The Arabic Diatessaron (harmony of the Gospels) relied heavily on the Syriac Peshitta. Early Armenian, Georgian, Sogdian, and Persian translations of the Bible borrowed from the Peshitta tradition. Even as the Syriac language declined, the Peshitta continued to have linguistic and textual influence on Near Eastern Christianity and beyond.
Discovery by Western Scholars
The rich Syriac biblical tradition represented by the Peshitta was unknown to European scholars until the sixteenth century. The first notice of Peshitta manuscripts came in 1554 when Moses of Mardin sent a Syriac New Testament manuscript to Pope Julius III. A Syriac Pentateuch was brought from the Middle East and given to the French king in 1561 by John Baptist Eliano.
The Christian humanist Thomas Erpenius studied a Peshitta Pentateuch manuscript brought back from the Middle East by his father. In 1616, Erpenius founded a printing press that produced the first printed Peshitta Old Testament in 1622. In 1645, Edward Pococke published the first critical edition of the Peshitta New Testament based on several manuscripts.

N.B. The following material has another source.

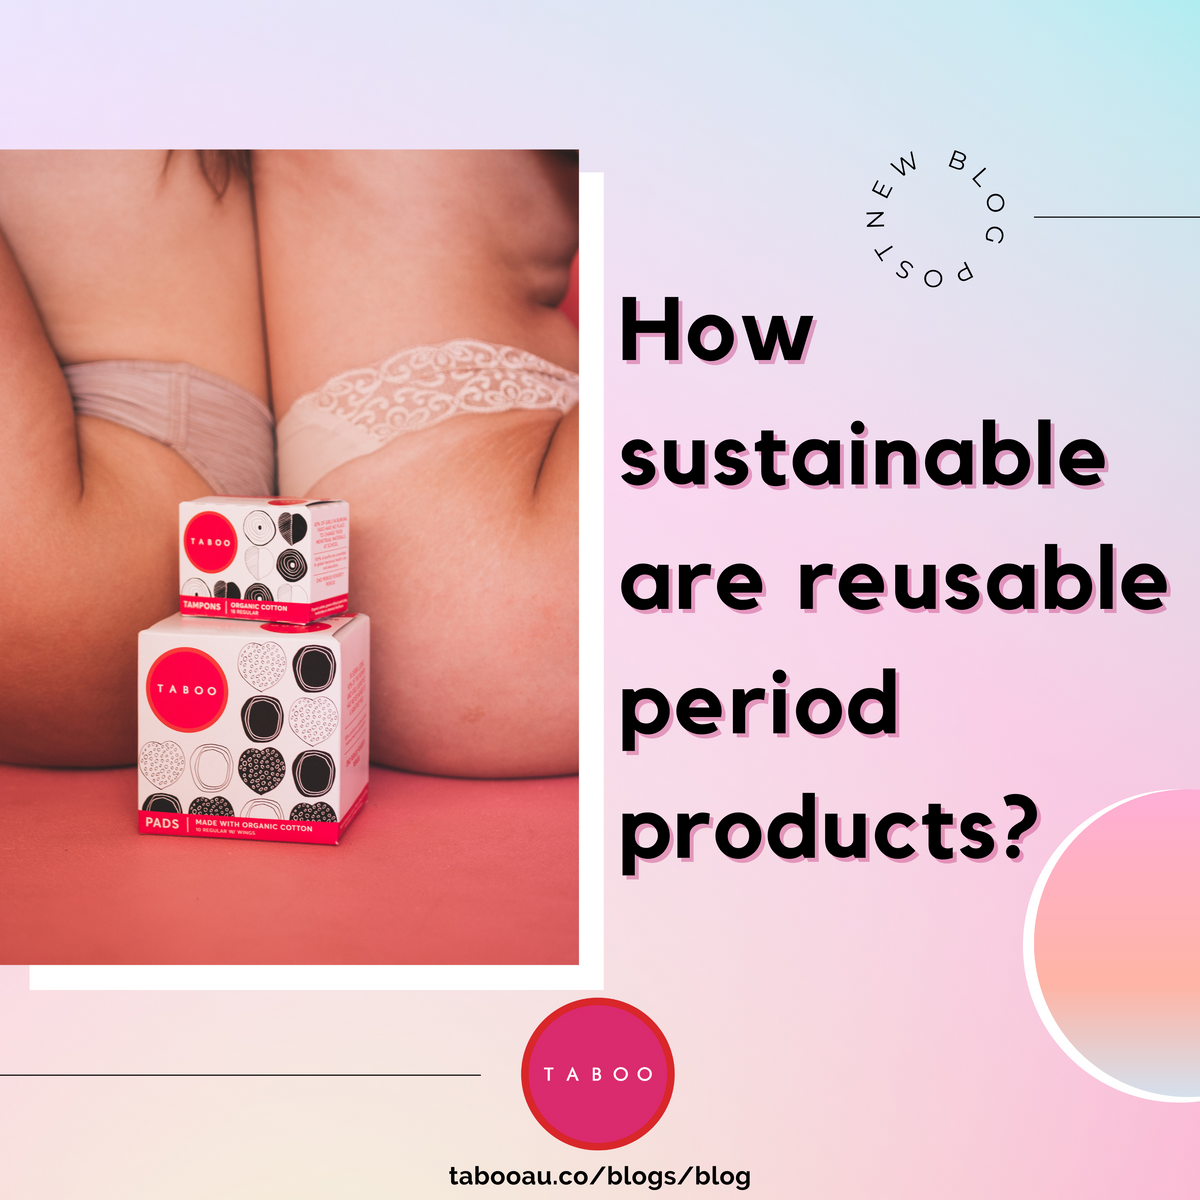 Reusable Menstrual Cups, Pads, & Underwear for Eco-Friendly Period
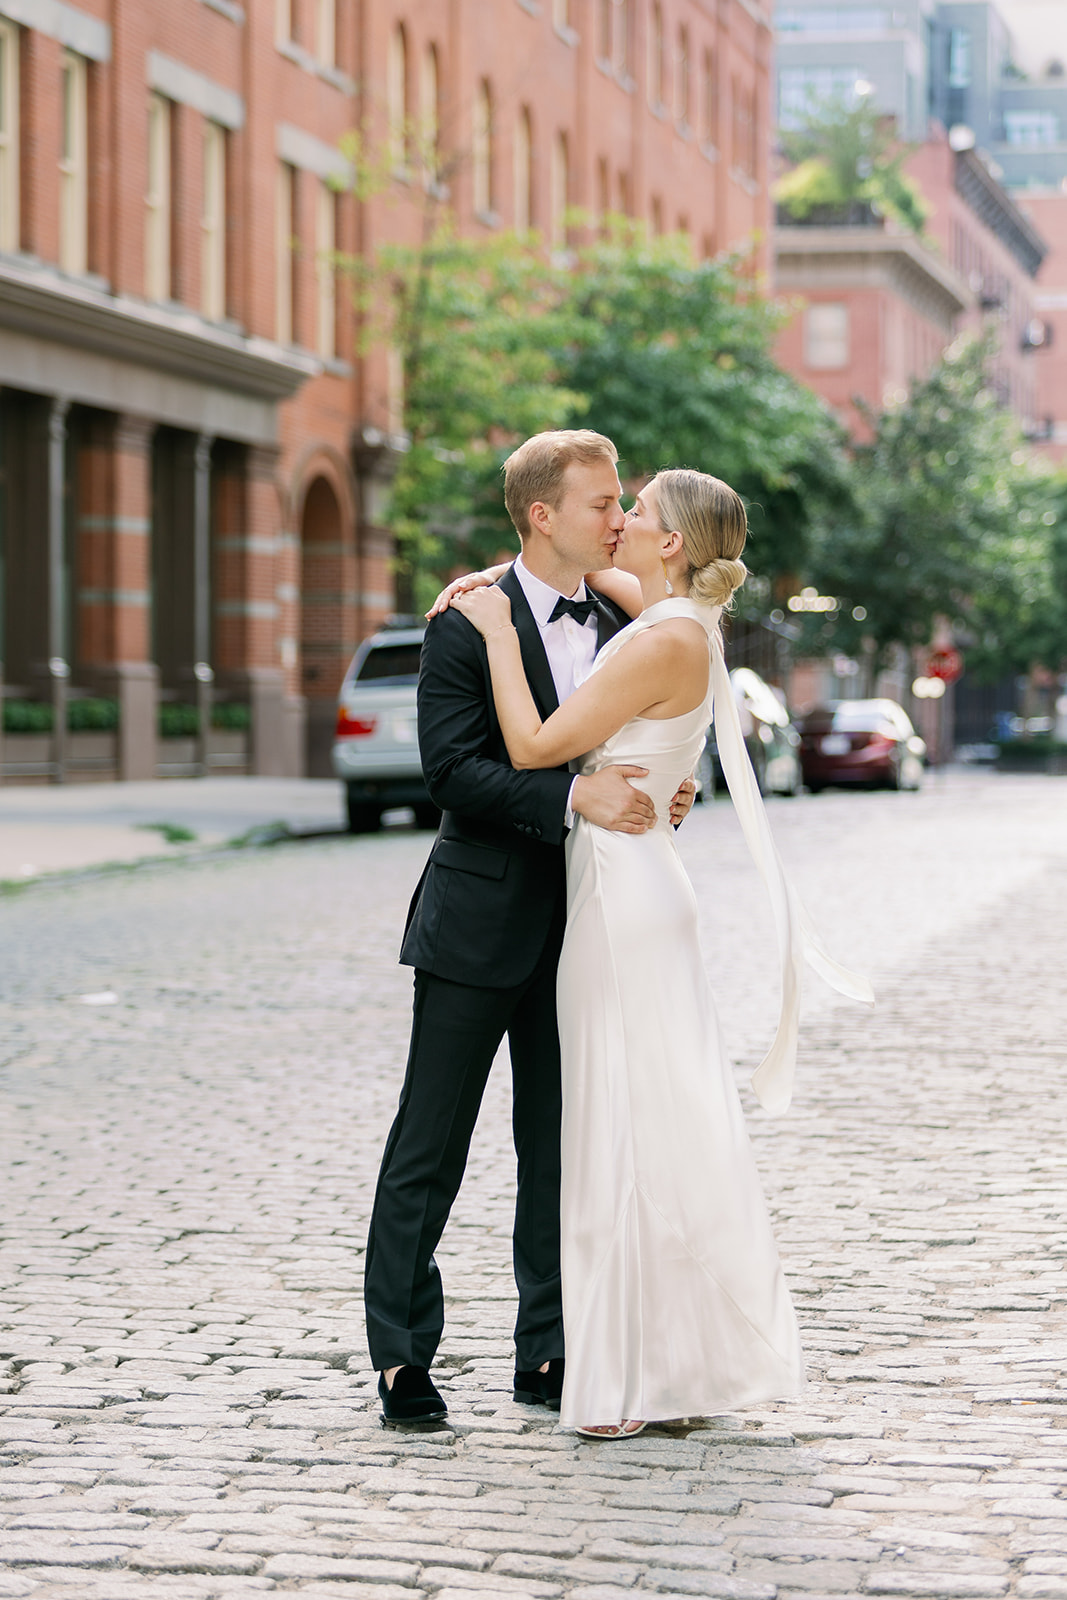 Bride and groom share a kiss on a cobblestone street in the West Village, a beautiful moment in their New York wedding portrait.

The discovery of the Peshitta opened up the world of Syriac biblical scholarship to European academics. Subsequent study of Peshitta manuscripts and critical editions contributed greatly to knowledge about textual history and the development of textual criticism principles.
The Crawford Manuscript
In 1842, manuscripts acquired from the Nitrian Desert in Egypt were given to the Bodleian Library in Oxford by Robert Curzon and Henry Tattam. Among these texts was a late 9th or early 10th century Peshitta manuscript containing the Gospels. This manuscript is known as the ‘Crawford Manuscript’ after one of its early owners, Claudius James Rich.
The Syriac text of the Crawford Manuscript exhibits the Western type of Syrian text. It contains the Pericope Adulterae (John 7:53-8:11) and the longer ending of Mark (Mark 16:9-20). There are illuminations of the four evangelists before each Gospel. Scholars debate whether it was produced in Palestine or Egypt based on similarities to other manuscripts.
Even as one of the latest Peshitta Gospel manuscripts, the Crawford text is important because the copyist reproduced the work carefully. The manuscript thus represents an excellent exemplar of the Peshitta Gospels tradition, untainted by major scribal embellishment. It provides insight into the continuous Peshitta text used widely in the early church.
Continued Use in the 21st Century
Today the Peshitta remains the official Bible for the liturgy and worship of several Syriac churches. It is the basis for modern expositions and patrimonial commentary within these church traditions. The text continues to play an important role in maintaining the identity and cohesiveness of Aramaic-speaking Christian groups.
Within academia, the Peshitta is the focus of ongoing study as scholars examine new manuscripts and critical editions. Analysis of Peshitta readings continues to contribute to establishing the original New Testament text. The connections between Syriac, Hebrew, and Greek biblical traditions are fruitful avenues of investigation.
After falling into obscurity in the Western world for many centuries, the Peshitta has regained recognition as an essential ancient translation of the Bible. Critical study of the Peshitta has expanded as more scholars are trained in Aramaic. Continued research initiatives promise to reveal much more about the history and influence of this important biblical text.